▶ [WHAT YOU NEED TO DO]:
Would you transcribe the whole listing exactly, minus its pictures?

▶ [GIVEN DATA]:
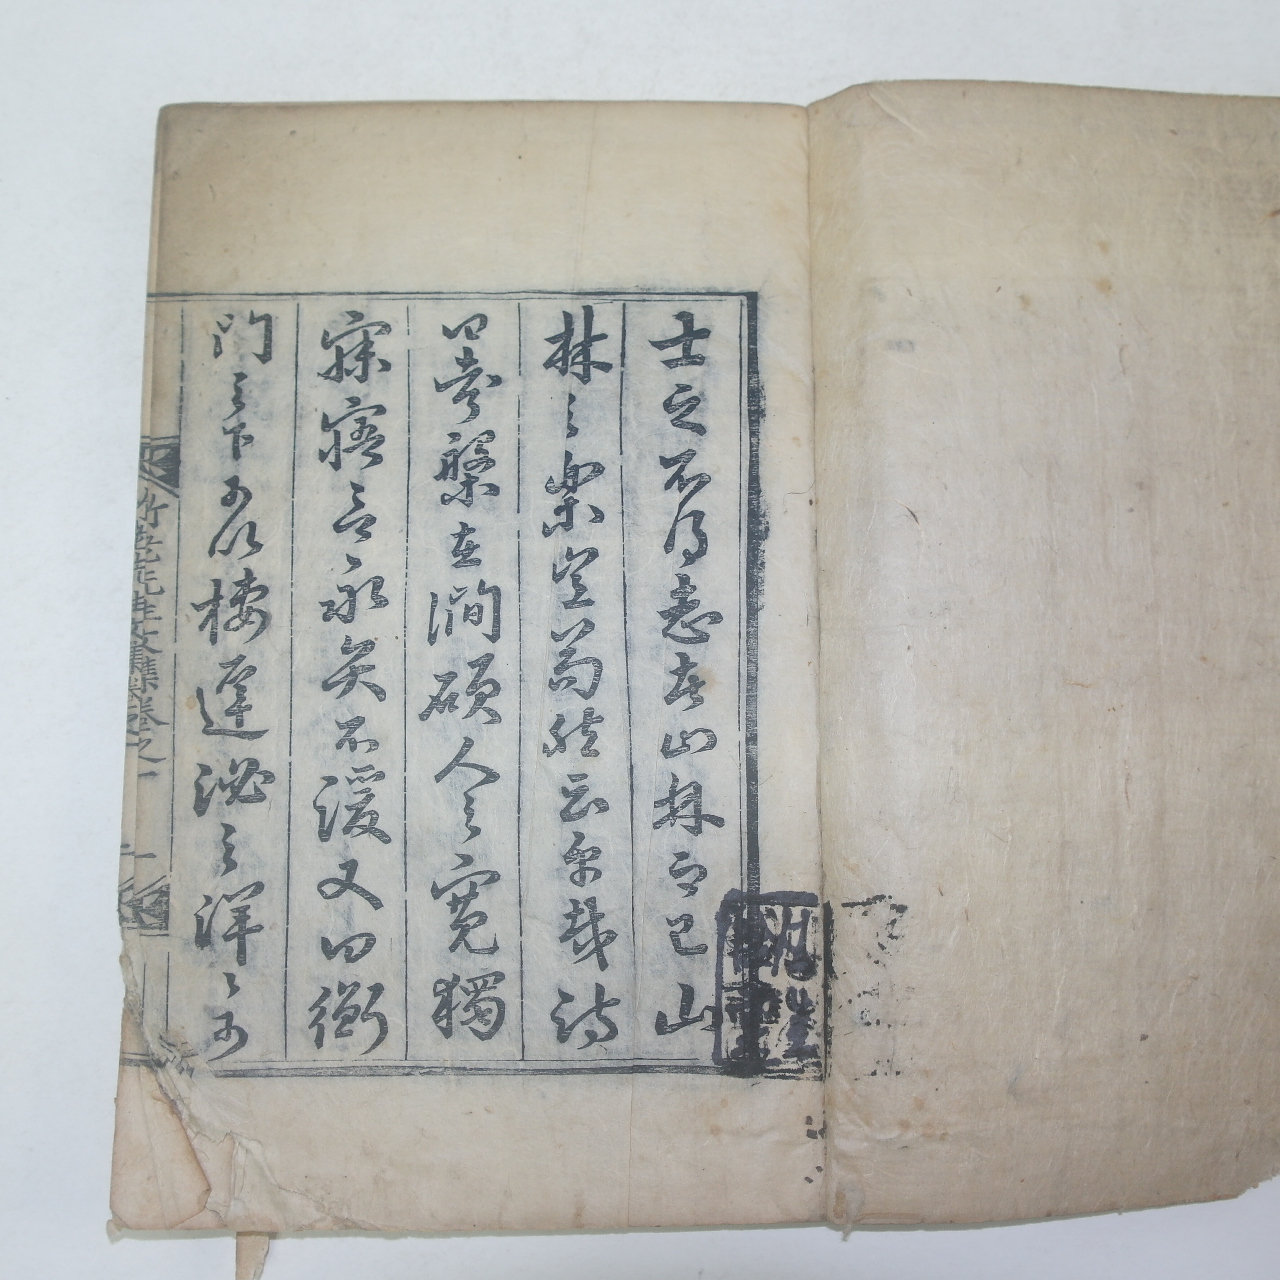 1834년 목판본 평산신씨 신활(申活) 죽로선생문집(竹老先生文集)권1,2  1책
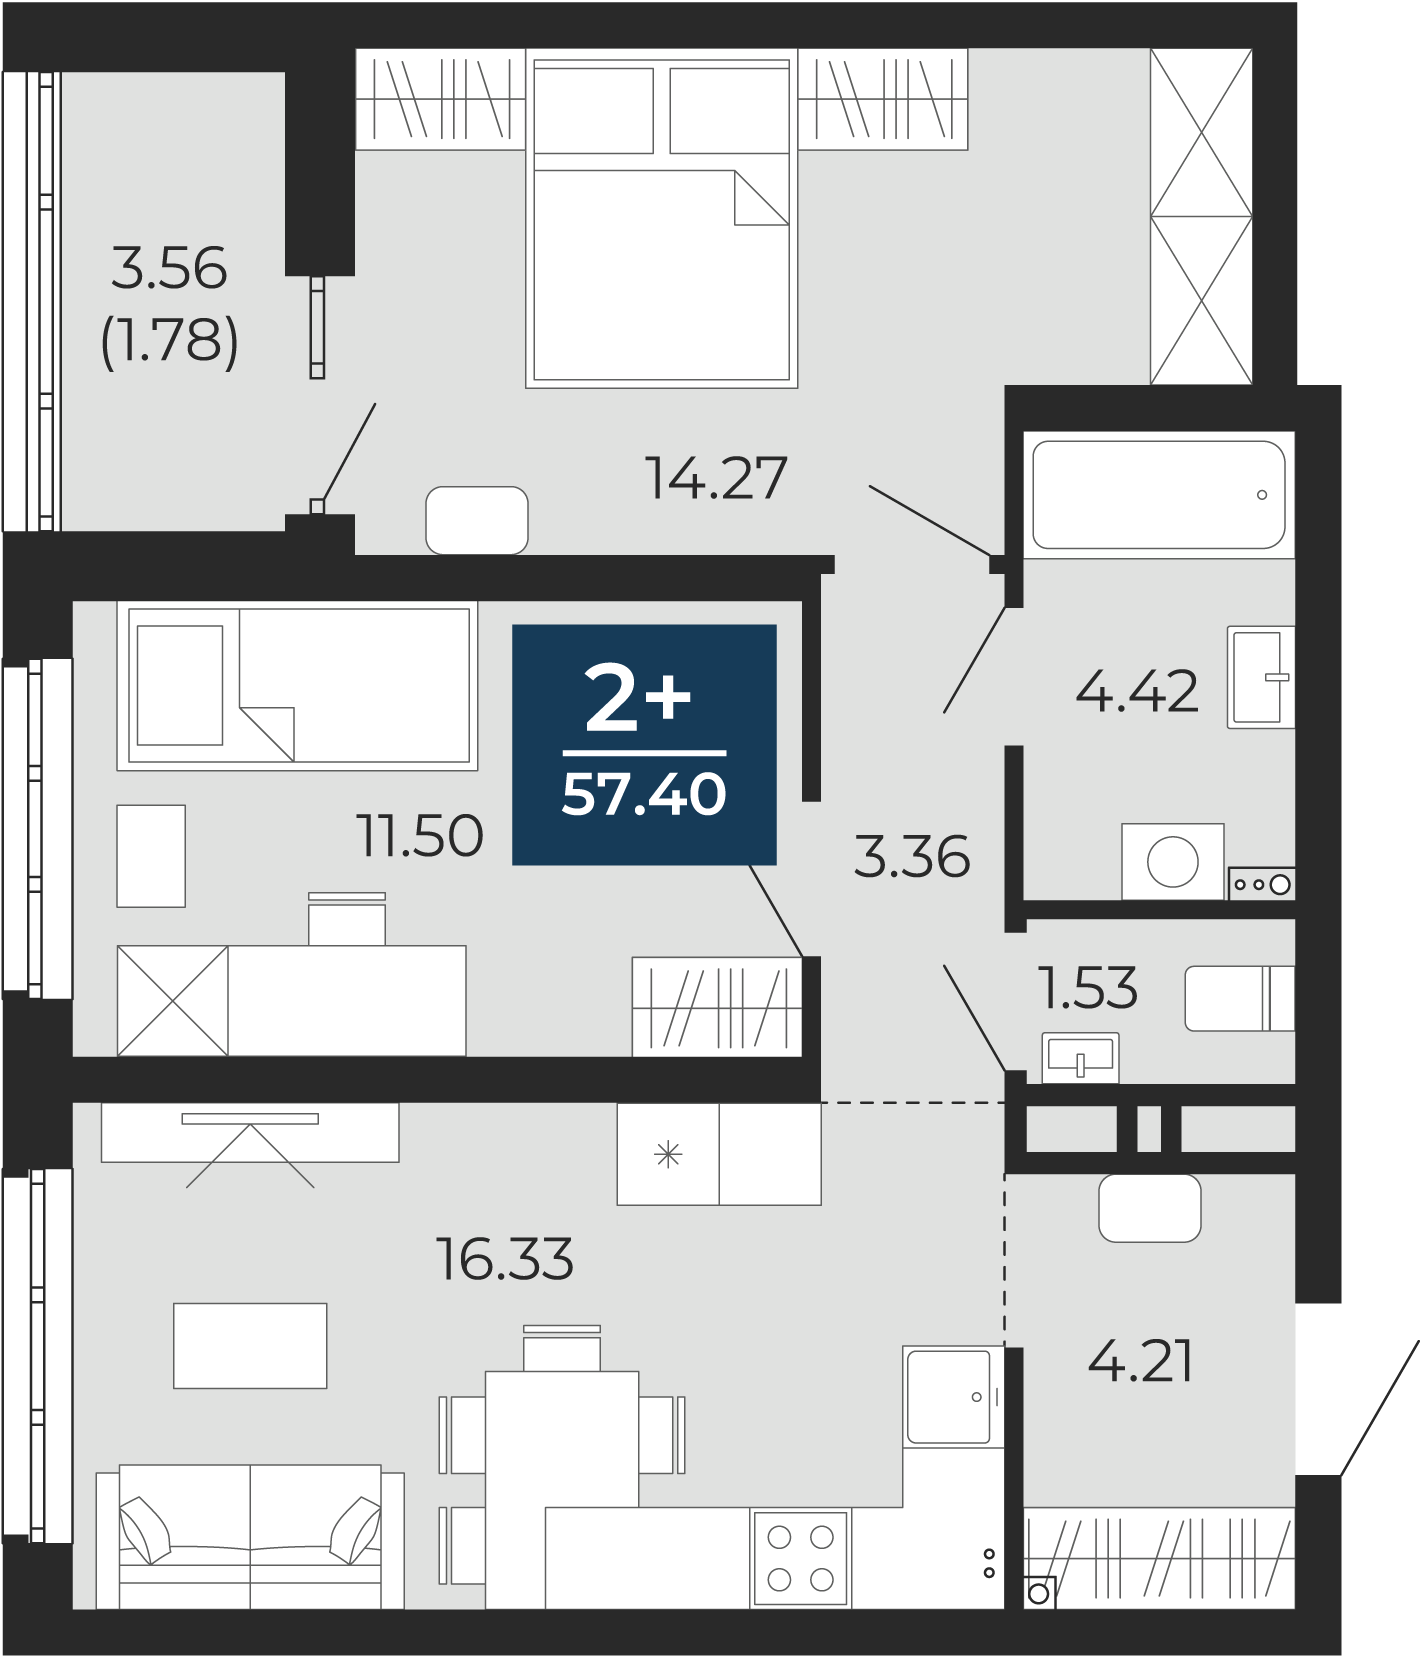 Квартира № 114, 2-комнатная, 57.4 кв. м, 2 этаж
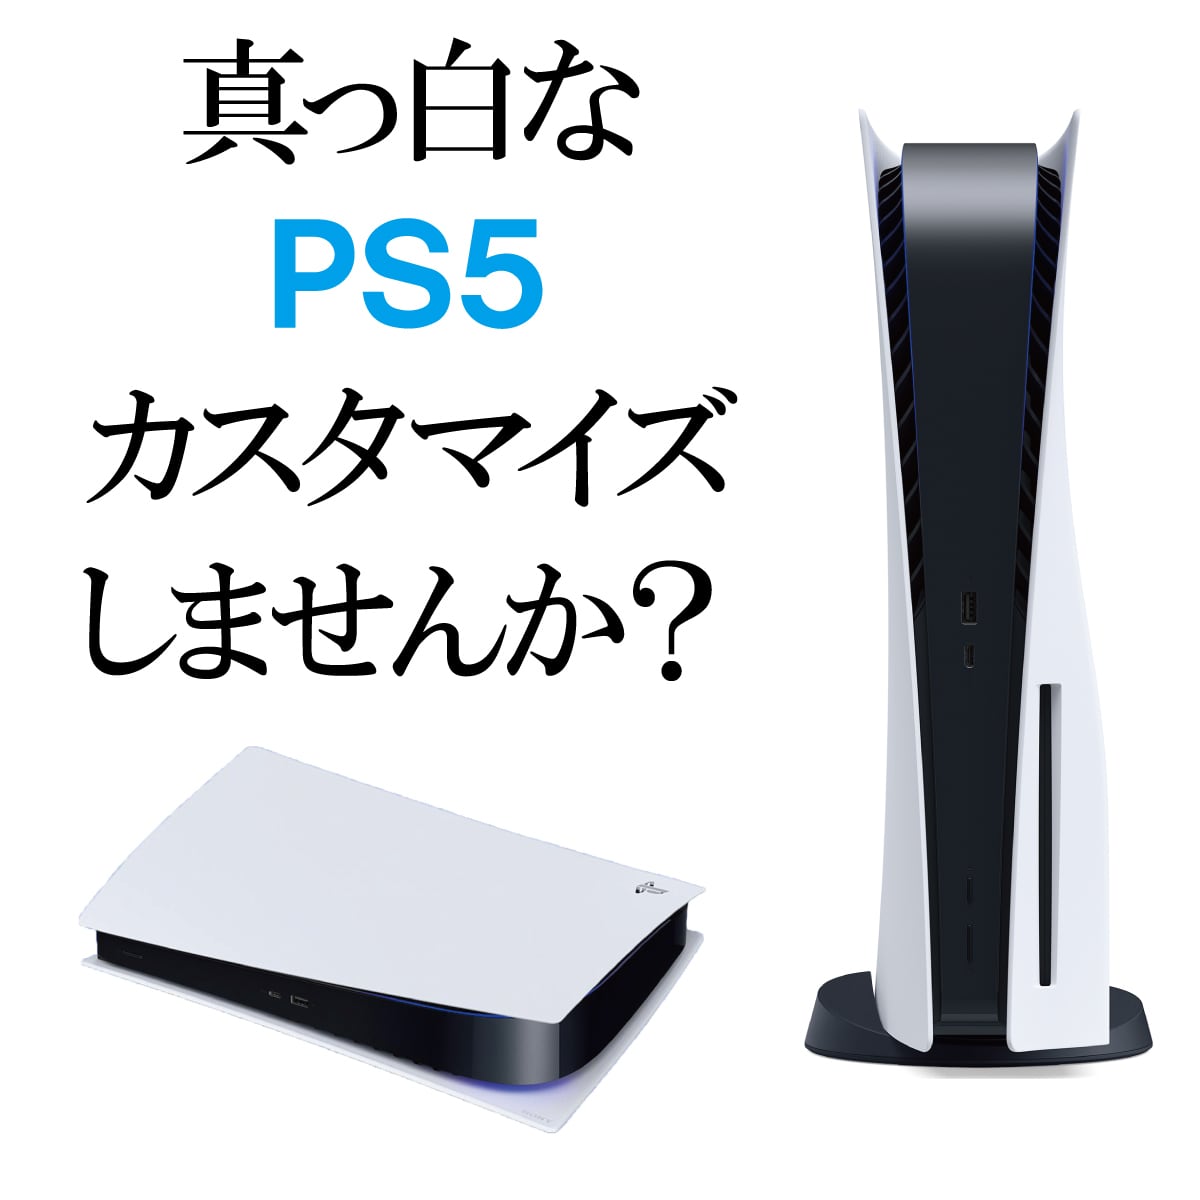 PS5 カバー プレステ5 フェイスプレート 本体 Play Station 5 通常版 デジタルエディション PlayStation5 周辺機器  純正コントローラーとの色合わせ CFI-1000 CFI-1100 CFI-1200 | スタート

▶ [EXERCISE ANSWER]:
 1834년 목판본 평산신씨 신활(申活) 죽로선생문집(竹老先生文集)권1,2  1책
 Квартира № 114, 2-комнатная, 57.4 кв. м, 2 этаж
 PS5 カバー プレステ5 フェイスプレート 本体 Play Station 5 通常版 デジタルエディション PlayStation5 周辺機器  純正コントローラーとの色合わせ CFI-1000 CFI-1100 CFI-1200 | スタート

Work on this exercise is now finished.